— Task item —
Starting from the line in which "Taizé 2017 –" appears, set down each line exactly through the end of the listing, and nothing else. Leave out pictures.

— Source material —

##########

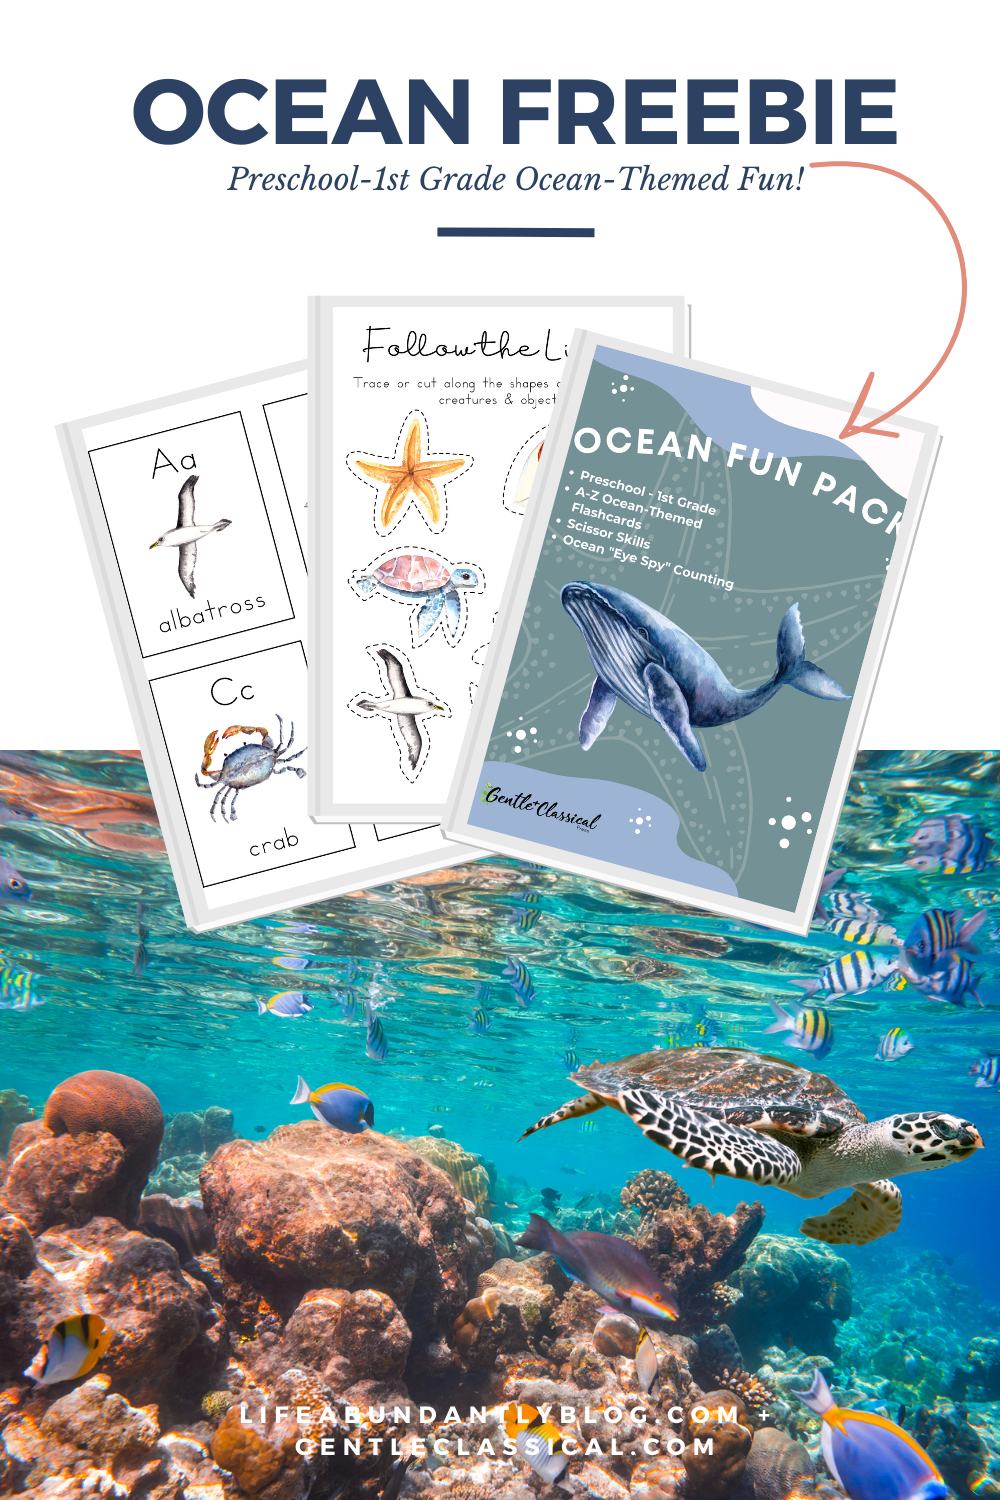 FREE: Ocean Fun Pack! — Life, Abundantly
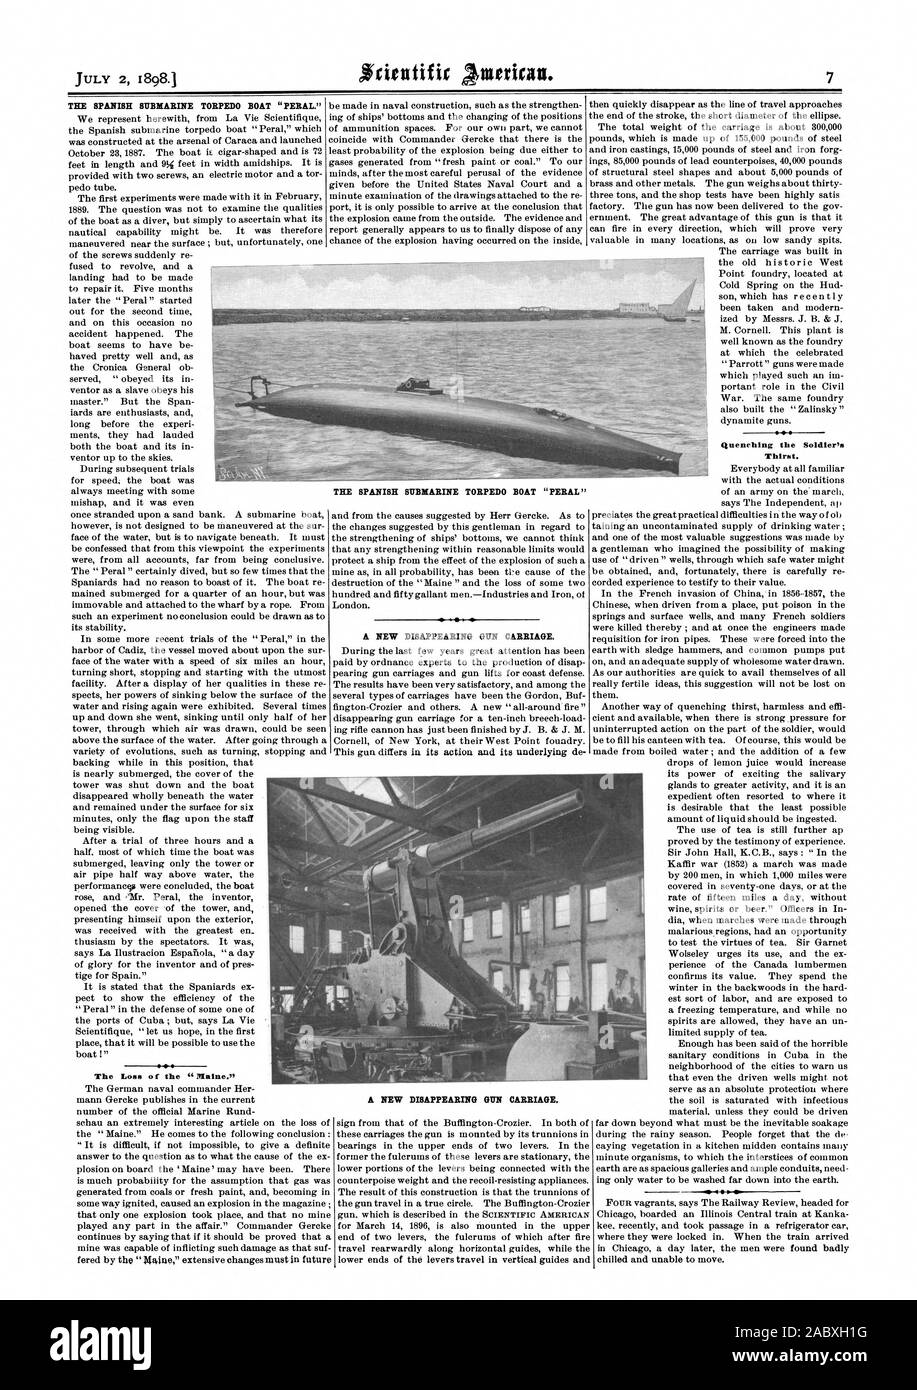 Die spanische SUBMARINE TORPEDO BOOT 'PERAL." Der Verlust der Abschreckung des Soldaten Durst. Eine Neue DISAPPEARING GUN BEFÖRDERUNG. Die spanische U-BOOT TORPEDOBOOT" peral "EINE NEUE DISAPPEARING GUN BEFÖRDERUNG., Scientific American, 1898-07-02 Stockfoto
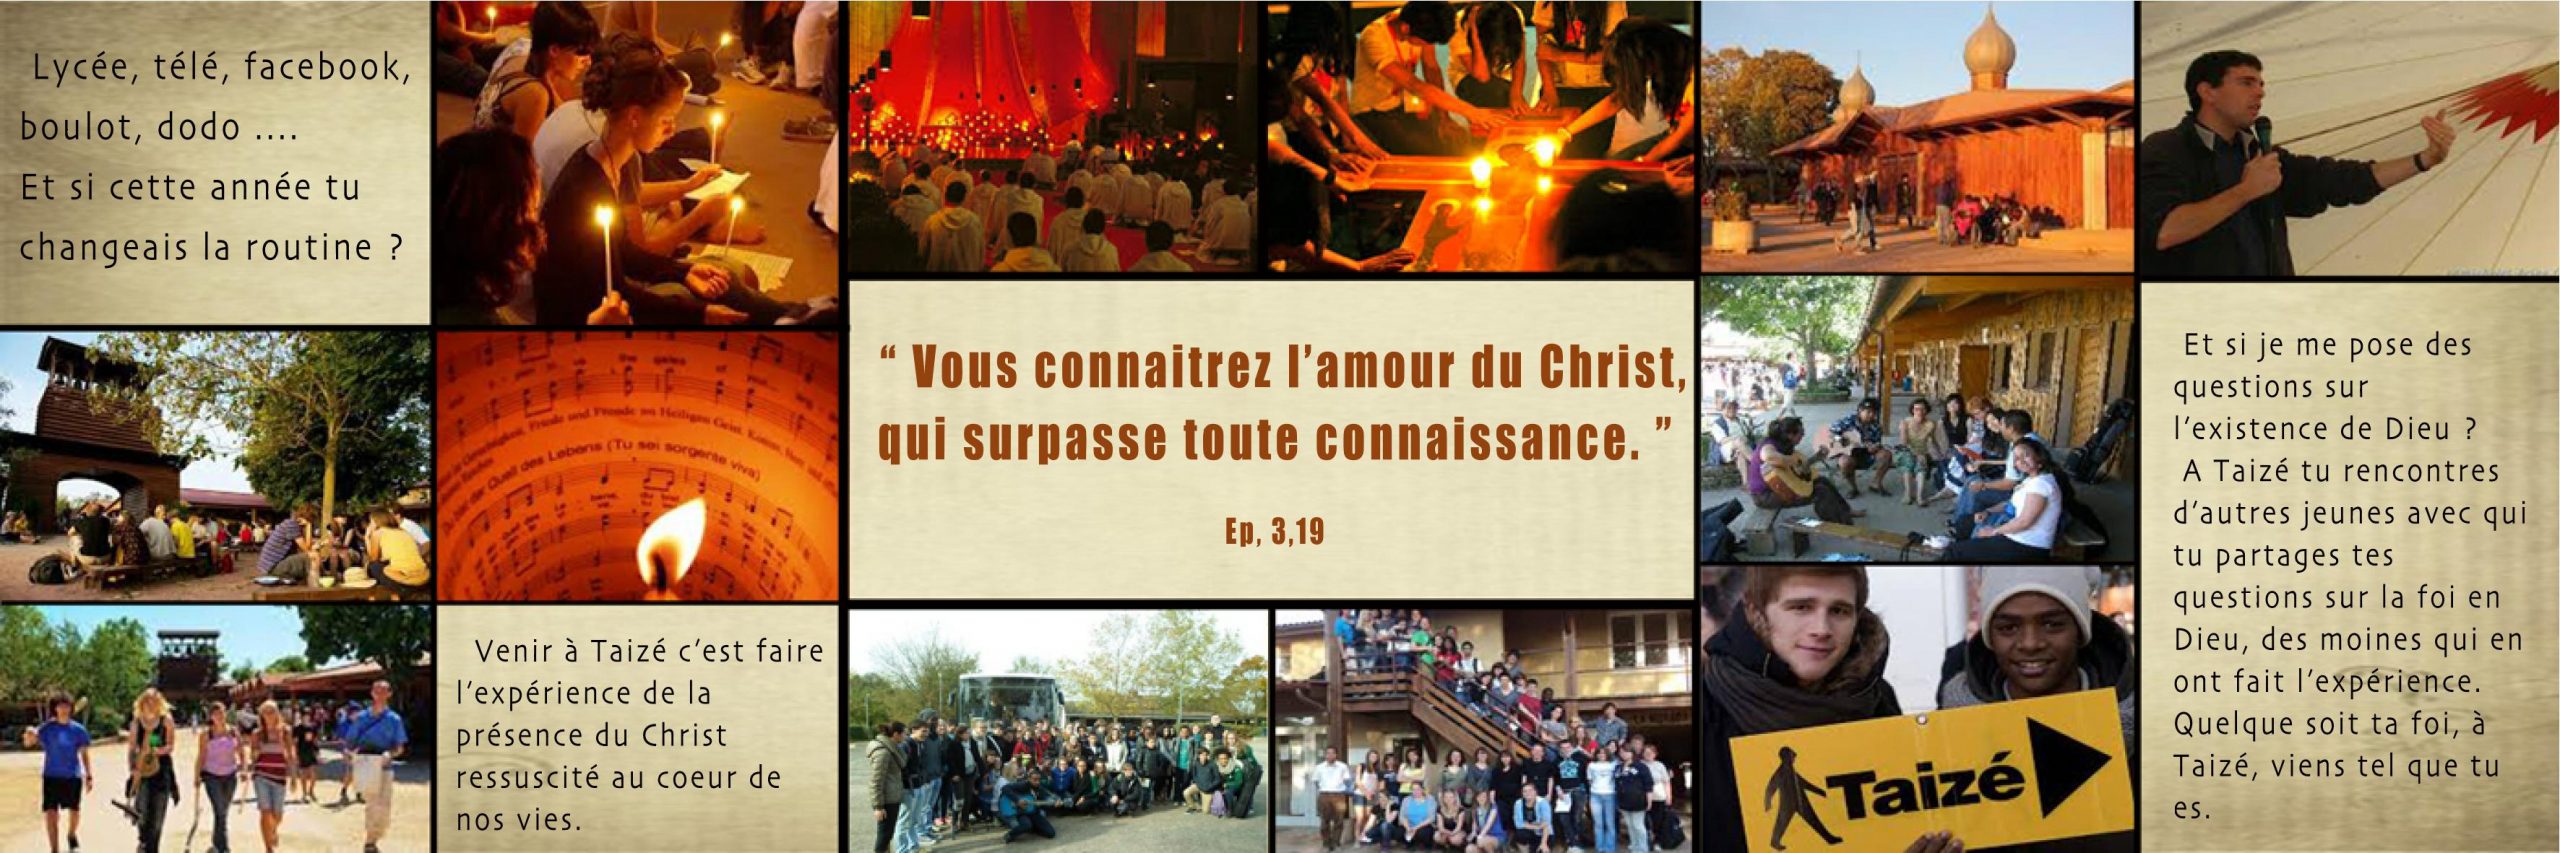 Taizé 2017 – diocèse de Chartres – du 30 octobre au 3 novembre
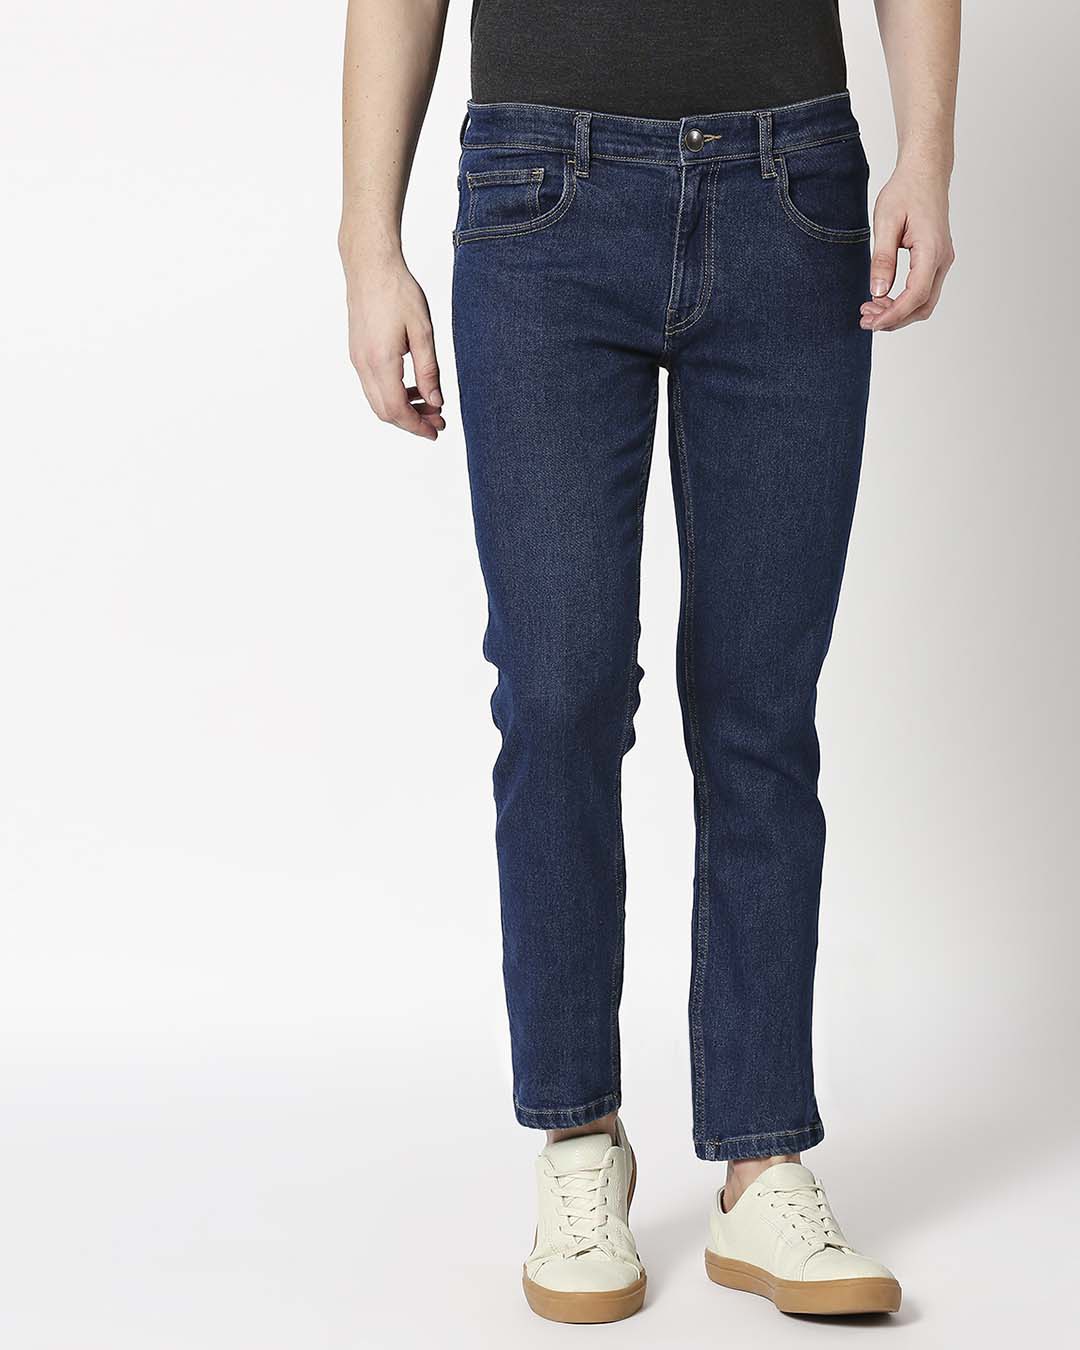 Shop Indigo Denim Pants Mid Rise Stretchable Men's Jeans-Back

##########

— Exercise solution —
 Taizé 2017 – diocèse de Chartres – du 30 octobre au 3 novembre
 Shop Indigo Denim Pants Mid Rise Stretchable Men's Jeans-Back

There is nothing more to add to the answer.